Выбрать главу

После смерти Мономаха более не встречается столь объективного и честного политического отношения. Летописцы становятся более пристрастными. С одной стороны, идея единства Русской земли притупляется из‑за разделений на отдельные вотчины, — каждая со своими интересами и местническим патриотизмом. Кроме того, беспрерывные междоусобные войны оказывали деморализующее влияние на сознание летописцев. По–прежнему не отказываясь от претензии на нравственную оценку, постоянно упоминая о крестном целовании и клятвопреступлении, они совершали выбор из противоречащих друг другу нравственных и юридических притязаний в пользу тех, что казались им более выгодными и отвечали местническим и династическим интересам.

Однако сохранилось красноречивое свидетельство, того, что в отдельных случаях киевские летописцы могли ставить религиозные и нравственные ценности выше местнического патриотизма. Составитель Киевской летописи конца XII века включил в свой труд два некролога, агиографического жанра, по двум убиенным князьям — Игорю (1147) и Андрею (1175). Оба не были любимы в Киеве, поскольку принадлежали к непопулярным династическим ветвям; Андрей был ответственен за разграбление города в 1169 г. Но обстоятельства гибели, в которой виновата была либо толпа, либо вероломные слуги, глубоко затронули нравственные чувства современников. Оба князя считались мучениками и почитались Церковью. Киевский летописец не просто отдал дань официальному почитанию убиенных князей. Повествование о смерти Андрея в киевской летописи даже более эмоциональное и хвалебное, чем повествование северного летописца, который был подданным и политическим сторонником князя.

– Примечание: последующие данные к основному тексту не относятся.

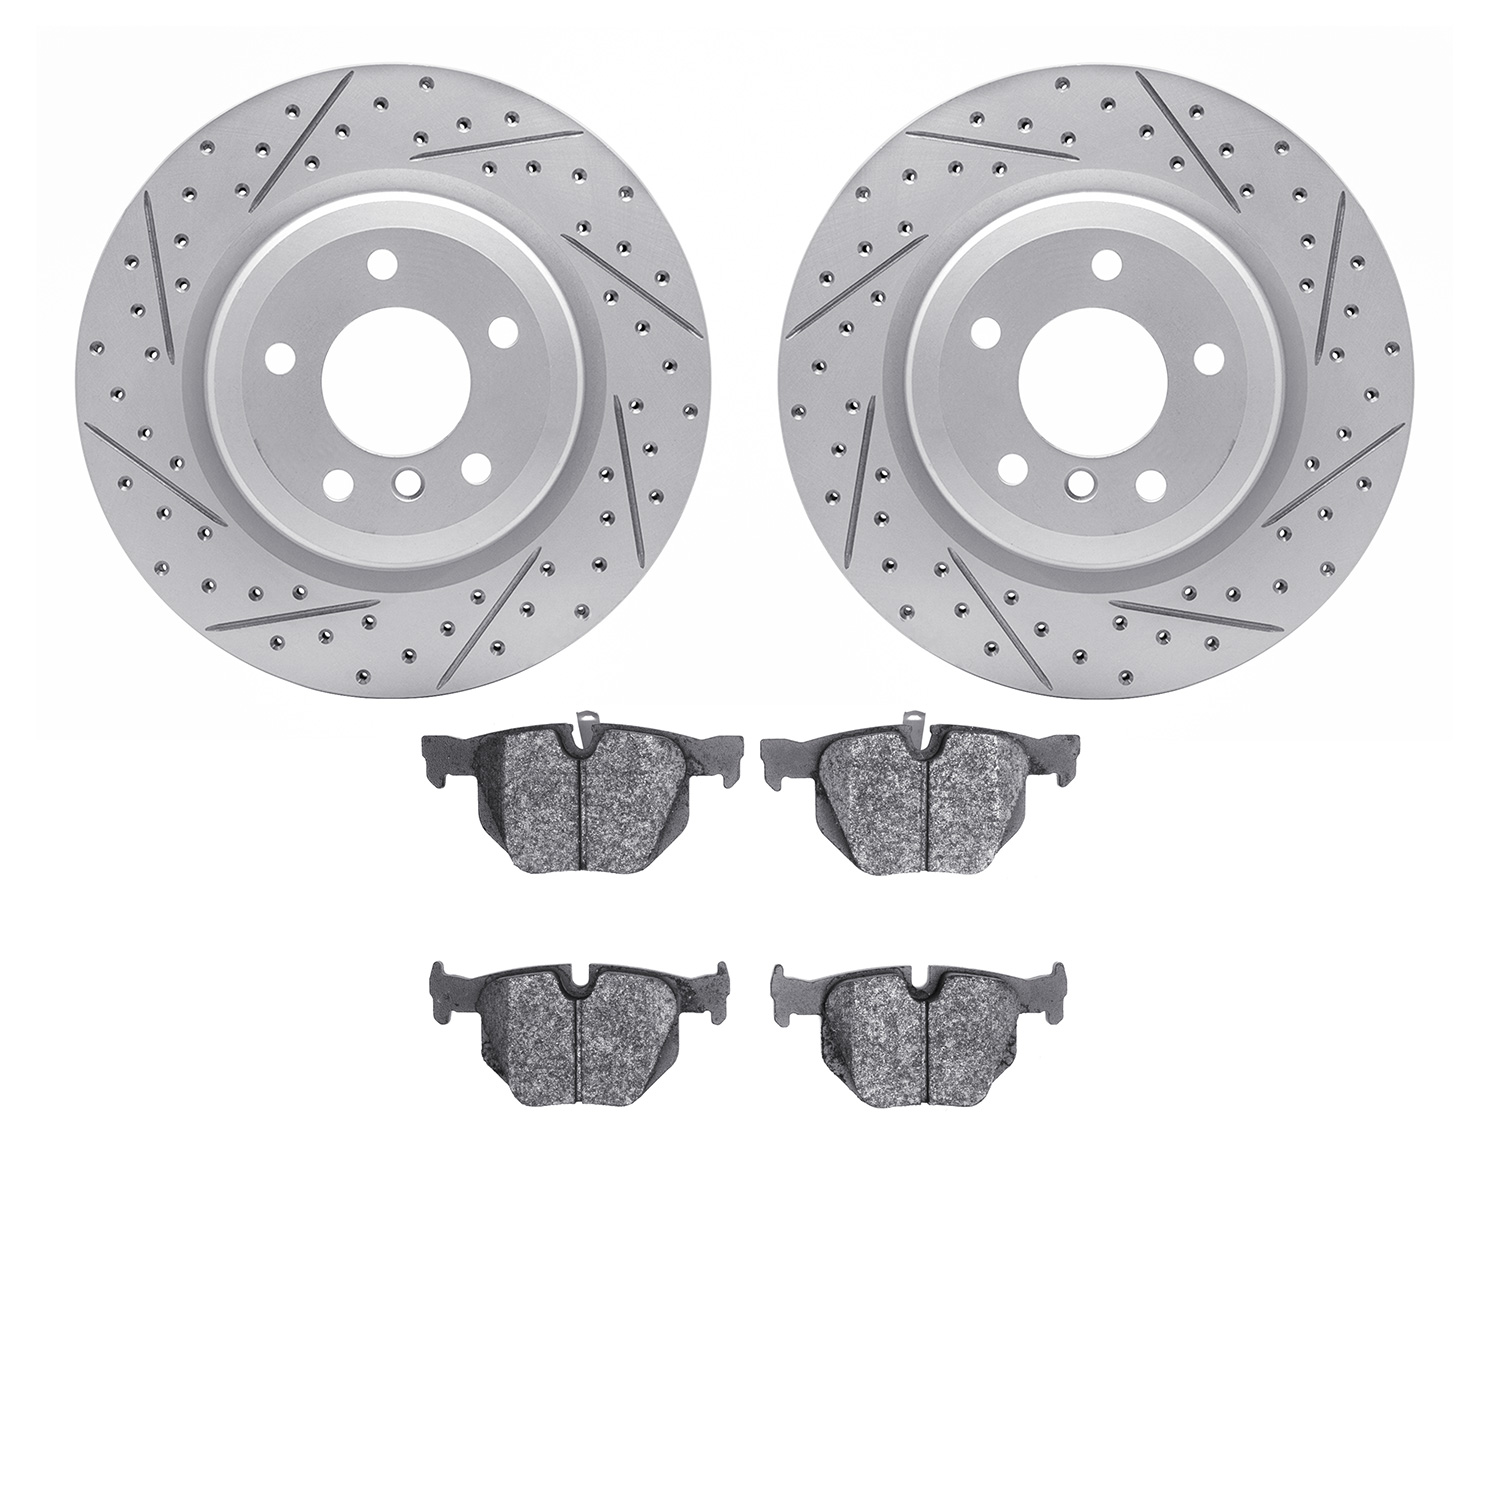 2502-31087 Geoperformance Drilled/Slotted Rotors w/5000 Advanced Brake Pads Kit, 2006-2015 BMW, Position: Rear

К этому времени даже северный (владимирский) летописец признавал покровительство Матери Божией вражескому городу (Новгороду), хотя и не желал при этом признать его «правды».

С конца XII века наблюдается дальнейшее изменение и снижение нравственных критериев. Мы не располагаем продолжением Киевской летописи после 1200 г. Галицкая летопись Южной Руси носит более мирской характер, отражая политические взгляды галицких князей. Попытки религиозной и нравственной оценки политических событий в ней весьма немногочисленны. Совсем иначе обстояло дело во Владимире. Преобладала религиозная точка зрения, но будучи, по–видимому, отсеченной от нравственной, она предвосхищала будущую специфику московичей. Владимирский летописец твердо верил в покровительство божественных сил независимо от справедливости княжеских дел. Уже в 1169 г. он осмеливается приписывать неслыханное преступление, как разграбление Киева войском князя Андрея, божественной помощи: «И помогли Бог и святая Богородица и отцова и дедова молитва князю Мстиславу Андреевичу с братиею взять Киев, чего никогда раньше не было… И весь Киев пограбили, и церкви, и монастыри за три дня и иконы забрали, и книги, и ризы. Все же это совершилось за грехи их».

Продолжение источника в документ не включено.